Dumouriez envoya cette lettre au ministère de la Guerre avec cette apostille: Cette lettre devrait être datée de Charenton.
Un troisième, nommé Cochelet, avait écrit au général Miranda, lieutenant de Dumouriez, lui ordonnant de prendre Maestricht avant le 20 février, sans quoi, disait-il, il le dénoncerait comme traître.
On comprend que toutes ces noises de Dumouriez contre les agents de la Convention ne raccommodaient pas ses affaires avec les jacobins.
Ces nouvelles, en arrivant à Paris, excitèrent un grand tumulte non seulement dans les rues, mais au sein même de la Convention.
Une grande foule se précipita dans la salle, envahissant les tribunes et criant à pleins poumons:
—À bas les traîtres! à bas les contre-révolutionnaires!
C'est au milieu d'un effroyable tumulte que plusieurs voix crièrent tout à coup: «Danton!

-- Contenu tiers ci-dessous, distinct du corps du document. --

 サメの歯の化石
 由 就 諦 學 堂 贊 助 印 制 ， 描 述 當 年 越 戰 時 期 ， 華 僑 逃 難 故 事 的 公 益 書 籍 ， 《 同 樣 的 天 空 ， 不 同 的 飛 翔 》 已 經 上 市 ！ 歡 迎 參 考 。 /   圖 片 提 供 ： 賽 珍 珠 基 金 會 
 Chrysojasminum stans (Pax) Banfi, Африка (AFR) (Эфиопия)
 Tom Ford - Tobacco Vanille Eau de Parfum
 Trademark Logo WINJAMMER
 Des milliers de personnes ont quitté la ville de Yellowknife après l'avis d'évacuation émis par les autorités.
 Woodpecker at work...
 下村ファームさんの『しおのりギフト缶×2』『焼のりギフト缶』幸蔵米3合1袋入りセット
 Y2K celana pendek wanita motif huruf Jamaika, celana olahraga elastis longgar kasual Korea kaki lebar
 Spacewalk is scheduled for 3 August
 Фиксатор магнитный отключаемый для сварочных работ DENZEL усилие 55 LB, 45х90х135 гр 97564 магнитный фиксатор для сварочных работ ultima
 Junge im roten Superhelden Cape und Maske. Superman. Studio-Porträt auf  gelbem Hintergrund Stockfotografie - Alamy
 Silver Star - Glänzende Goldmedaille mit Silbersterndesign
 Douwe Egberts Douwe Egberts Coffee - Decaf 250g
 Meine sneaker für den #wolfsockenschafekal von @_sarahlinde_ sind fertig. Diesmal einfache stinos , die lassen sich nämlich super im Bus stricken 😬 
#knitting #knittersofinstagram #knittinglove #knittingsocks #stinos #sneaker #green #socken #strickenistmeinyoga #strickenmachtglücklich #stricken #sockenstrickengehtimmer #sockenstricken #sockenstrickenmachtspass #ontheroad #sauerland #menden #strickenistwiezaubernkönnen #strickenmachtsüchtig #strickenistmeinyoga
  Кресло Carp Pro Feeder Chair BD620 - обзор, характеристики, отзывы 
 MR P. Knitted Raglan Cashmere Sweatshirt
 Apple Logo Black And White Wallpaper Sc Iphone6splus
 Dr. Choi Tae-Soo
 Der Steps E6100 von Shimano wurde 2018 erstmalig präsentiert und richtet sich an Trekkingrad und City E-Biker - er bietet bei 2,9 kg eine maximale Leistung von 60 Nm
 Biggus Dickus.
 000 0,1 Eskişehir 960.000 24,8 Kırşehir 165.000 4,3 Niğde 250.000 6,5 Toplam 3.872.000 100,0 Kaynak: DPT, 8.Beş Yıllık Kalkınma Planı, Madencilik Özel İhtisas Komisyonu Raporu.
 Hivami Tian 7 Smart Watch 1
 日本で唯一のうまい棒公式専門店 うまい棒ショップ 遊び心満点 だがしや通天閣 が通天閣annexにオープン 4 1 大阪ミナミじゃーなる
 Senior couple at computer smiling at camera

Danton!» et que celui-ci, dont la voiture s'était brisée et qui avait fait les trente dernières lieues à cheval et à franc étrier, entra couvert de boue à l'Assemblée.
À cet aspect, tout le monde se tut.
Alors, d'une voix tonnante:
—Citoyens représentants, dit-il, le ministre de la Guerre vous cache la vérité; j'arrive de Belgique, j'ai tout vu; voulez-vous des détails?